Back to David and the fascists (which, despite its sound, would not be a good name for a band). It’s tempting to sum up the end point of synthesis that David is moving towards as: the fascists are coming, the fascists are coming! Tempting, but unfair; his thesis is far more sophisticated and involved than that. Yet it’s not an entirely inaccurate summary either. And that brings out the problem of the word. If I summarize David’s thoughtful and timely message that way, many people will dismiss it without another thought.

Personally, I’m torn on this. One part of me is my academic and pedantic side. I am very concerned about precision and accuracy in choosing words. “Fascism” is the right word to describe the ugly emergent force we are discussing. David makes this same point, quoting Robert Paxton:

We must have a word, and for lack of a better one, we must employ the word that Mussolini borrowed from the vocabulary of the Italian Left in 1919, before his movement had assumed its mature form. Obliged to use the term fascism, we ought to use it well.

The other side in my personal struggle is my tactical sense. To use the word fascism, outside an academic discourse, invites immediate dismissal for two reasons.

First, making the accusation of fascism is an element that immediately brands the speaker a parody of a left-wing radical. The image of a too-politically correct leftist calling anyone, who even temporarily frustrates his will, a fascist. This is primarily a self-inflicted wound by leftists. Enough of us live up to this stereotype and fling the word around with wild abandon, that it no longer has any power. “You guys think everyone is a fascist,” is the response. No serious hearing is given to anything we say after the F word crosses our lips. Furthermore, rightwing demagogues like Rush Limbaugh have further degraded and diluted the word by applying it to anyone on the left that they feel is being doctrinaire. To many, it has no meaning, it is just an all-purpose epithet.

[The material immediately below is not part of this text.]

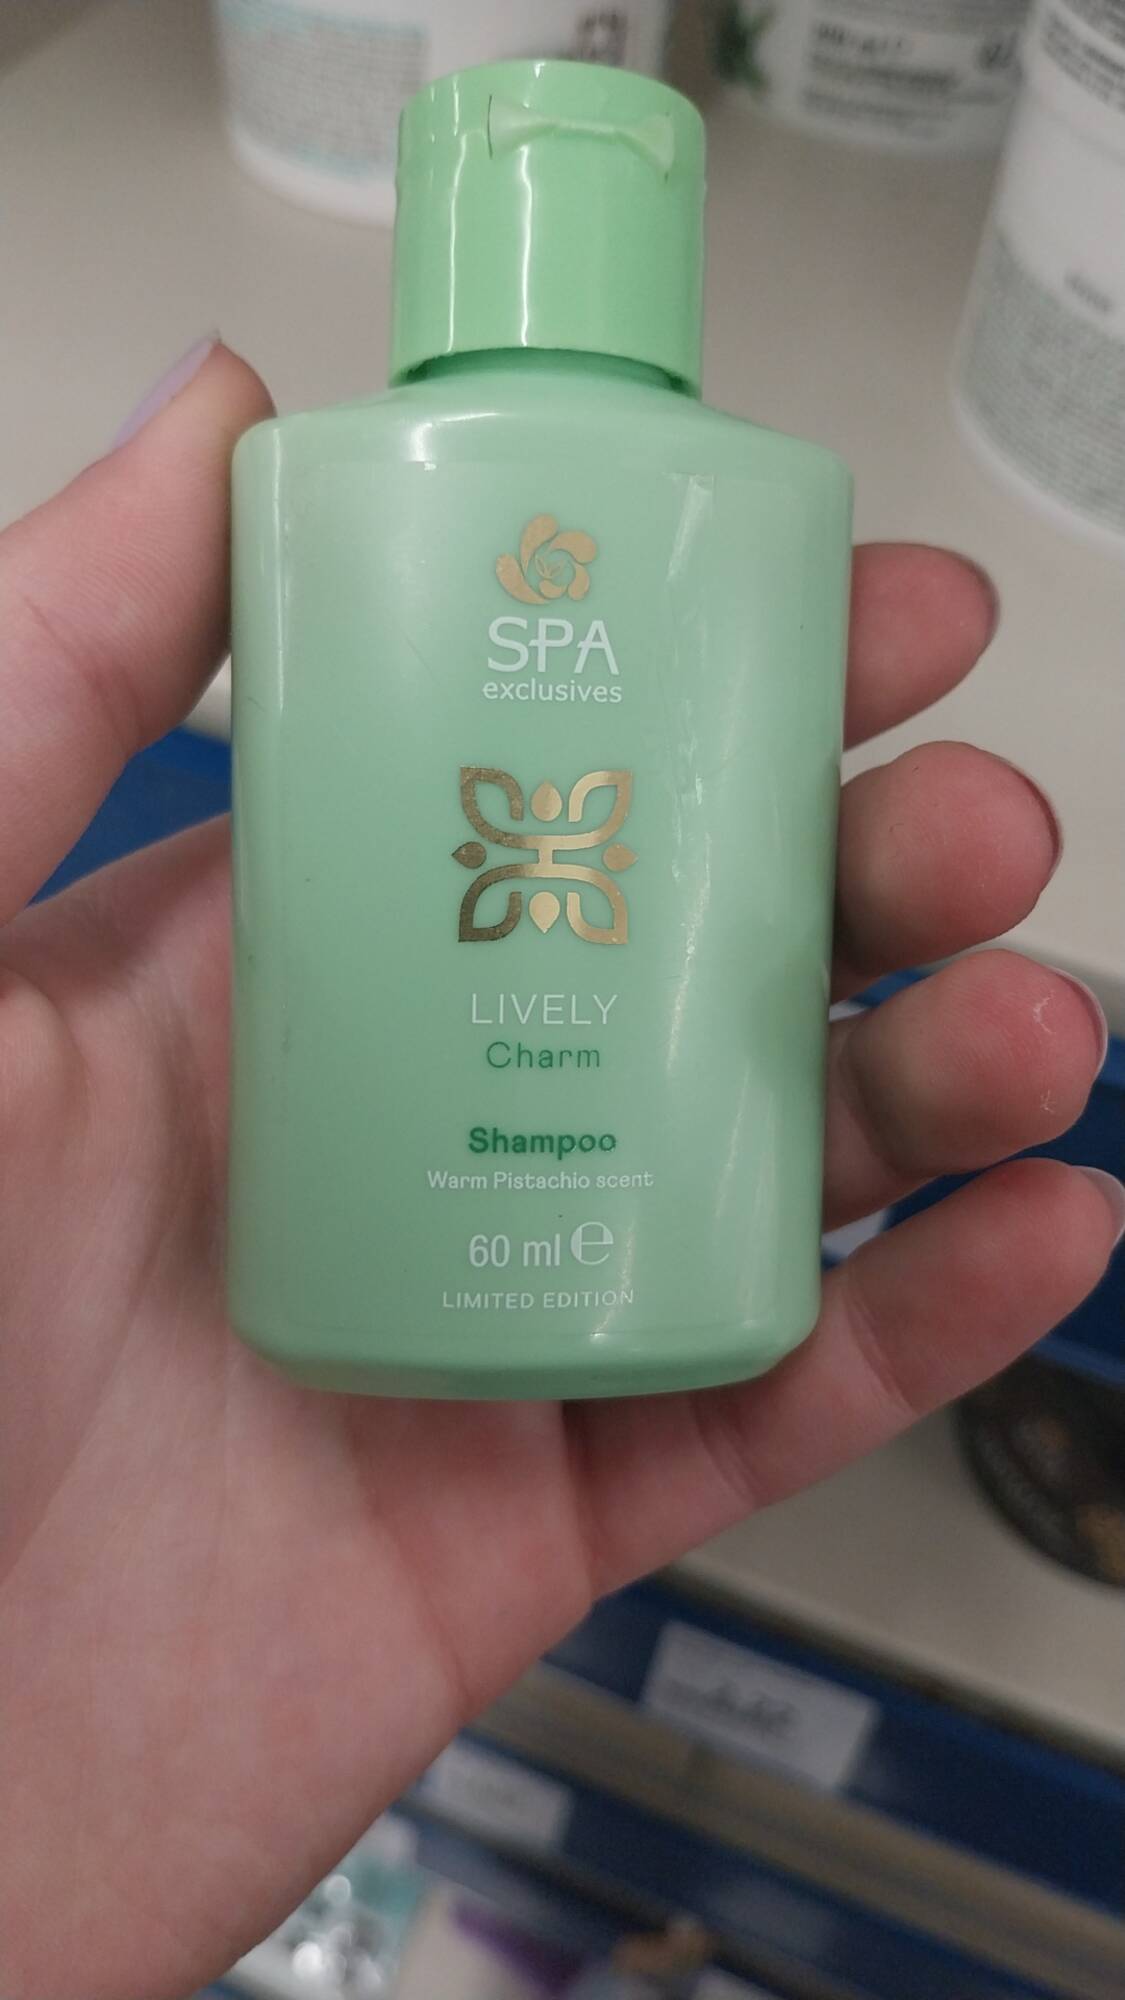 SPA EXCLUSIVES - Lively charm shampoo 
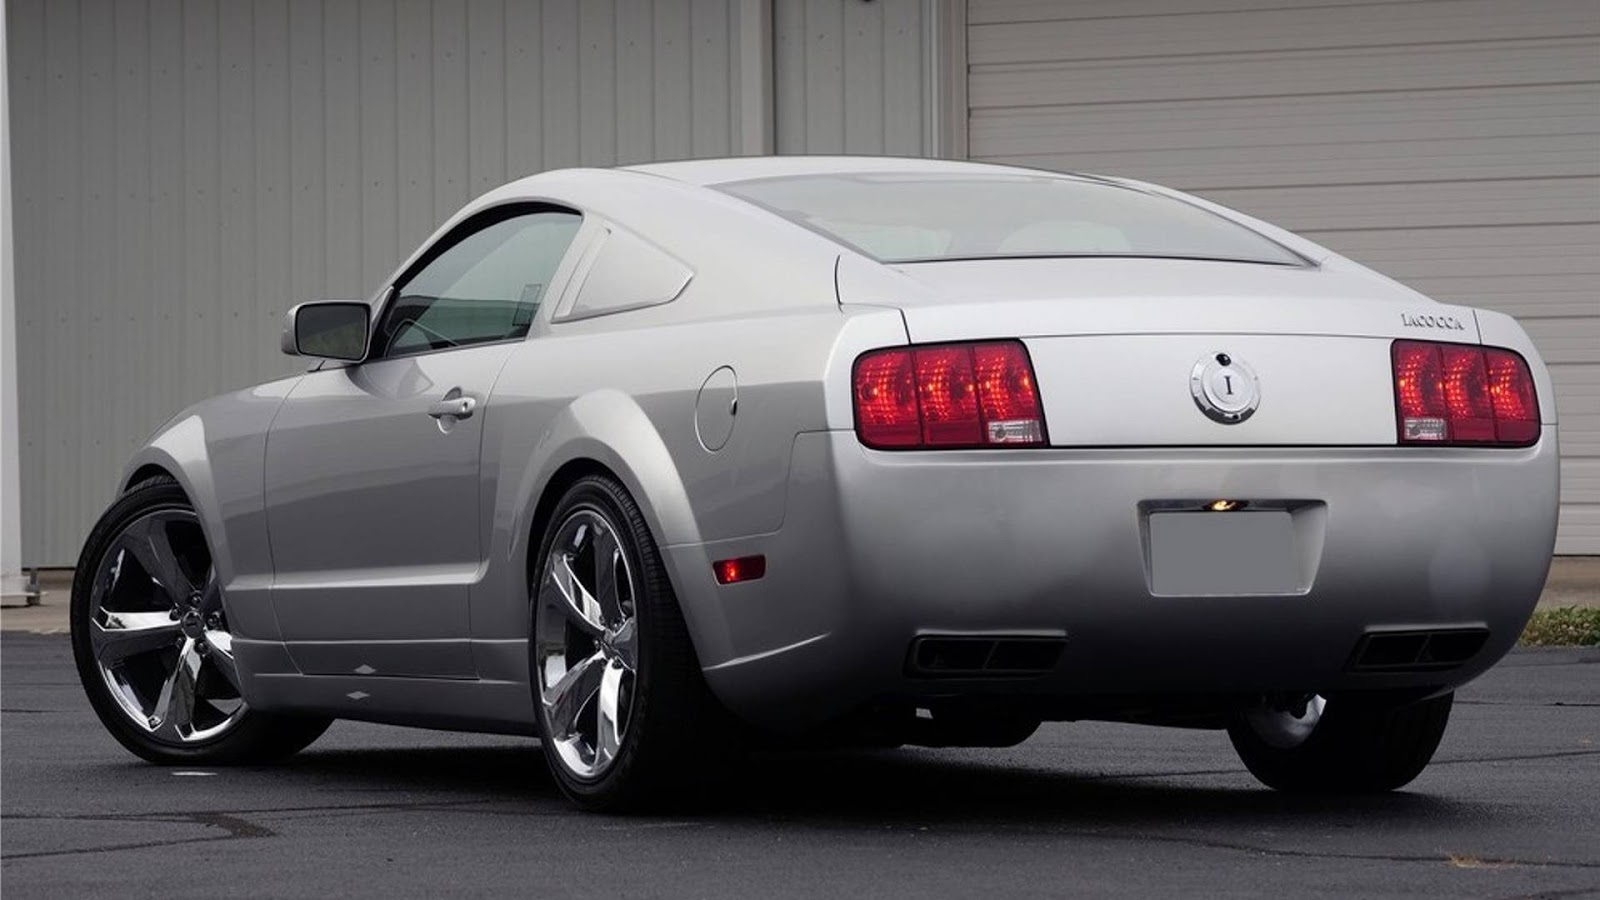 2009 ford mustang iacocca 45th anniversary edition2B3 Ο νονός της Mustang, Lee Iacocca, απεβίωσε στα 94 του

Second, most people do not understand what fascism is. Correcting this, of course, is the one of the whole points of David’s series. However, the misunderstanding is so complete, that it would be hard to get many people to listen to an explanation. You see, they think they already know what fascism is. Fascism is the German Nazi party before 1945 and a few loonies who like to wear their uniforms since. Fascism is a uniform with a Sam Browne belt, high boots, swastikas, phallic salutes, and a desire to kill all of the Jews (or deny that any were ever killed). No one in mainstream politics is like that. Therefore we have no fascism.

They are wrong, but how can we tell them? Fascism is highly mutable: “…[E]ach national variant of fascism draws its legitimacy… not from some universal scripture but from what it considers the most authentic elements of its own community identity.” (Paxton again) American fascism will be folksy. It’s anthems will be country-rock fight songs, not military marching songs. It will drape itself in our flag (not Nazi Germany’s flag). It will be Christian (evangelical and protestant, but not of any identifiable denomination, and, paradoxically, somewhat ecumenical so even certain Catholics will feel at home in it). And—this I must emphasize—it will deny that it is fascist. Fascism equals Nazism, which is German and therefore foreign. Our fascism will think itself all-American and not beholden to foreign ideologies. They will deny that they are fascists and they will believe that they are telling he truth.

So what is the solution? Do we secretly use the word among ourselves and create some other political science euphemism for public discourse? No. The word “fascism” is probably inescapable. And it still has some utility. Despite its dilution to the point of disappearance, it still has a vestigial power to shock. When people can be brought to understand that the danger is real and that this really is what fascism means. Some of them will pause. Many will find some way to delude themselves and go on the same way, but some will turn back. We must assure that that some is enough.